#### Action item
Word for word, restate the lines from the start of the data below through the line containing "X Plane 11 Eglc".

****************

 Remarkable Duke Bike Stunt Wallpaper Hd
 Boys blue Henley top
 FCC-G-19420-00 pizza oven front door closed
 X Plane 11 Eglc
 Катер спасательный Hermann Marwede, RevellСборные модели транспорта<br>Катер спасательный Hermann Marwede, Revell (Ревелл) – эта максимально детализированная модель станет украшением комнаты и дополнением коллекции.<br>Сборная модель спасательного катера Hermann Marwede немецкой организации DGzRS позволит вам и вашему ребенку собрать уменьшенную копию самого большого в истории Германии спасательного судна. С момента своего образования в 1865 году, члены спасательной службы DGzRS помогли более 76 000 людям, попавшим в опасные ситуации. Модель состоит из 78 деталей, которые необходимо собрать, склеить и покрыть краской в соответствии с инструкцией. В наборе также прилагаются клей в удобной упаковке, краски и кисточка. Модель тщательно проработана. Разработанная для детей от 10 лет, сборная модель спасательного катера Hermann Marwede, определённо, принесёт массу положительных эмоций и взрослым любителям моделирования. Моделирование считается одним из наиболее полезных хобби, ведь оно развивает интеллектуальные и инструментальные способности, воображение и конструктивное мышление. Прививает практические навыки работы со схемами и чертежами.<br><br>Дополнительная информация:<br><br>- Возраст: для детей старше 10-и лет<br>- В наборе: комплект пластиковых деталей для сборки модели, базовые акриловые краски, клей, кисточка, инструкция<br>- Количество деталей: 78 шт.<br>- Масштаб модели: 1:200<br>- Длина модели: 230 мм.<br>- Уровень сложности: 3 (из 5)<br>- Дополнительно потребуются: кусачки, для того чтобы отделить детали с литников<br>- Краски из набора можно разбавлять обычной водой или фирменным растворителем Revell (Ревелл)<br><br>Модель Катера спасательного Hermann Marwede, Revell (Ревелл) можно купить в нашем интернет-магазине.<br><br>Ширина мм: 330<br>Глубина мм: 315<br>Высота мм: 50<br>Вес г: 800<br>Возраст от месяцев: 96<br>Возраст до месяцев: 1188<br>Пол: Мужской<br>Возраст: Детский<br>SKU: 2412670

****************

#### Answer box
 Remarkable Duke Bike Stunt Wallpaper Hd
 Boys blue Henley top
 FCC-G-19420-00 pizza oven front door closed
 X Plane 11 Eglc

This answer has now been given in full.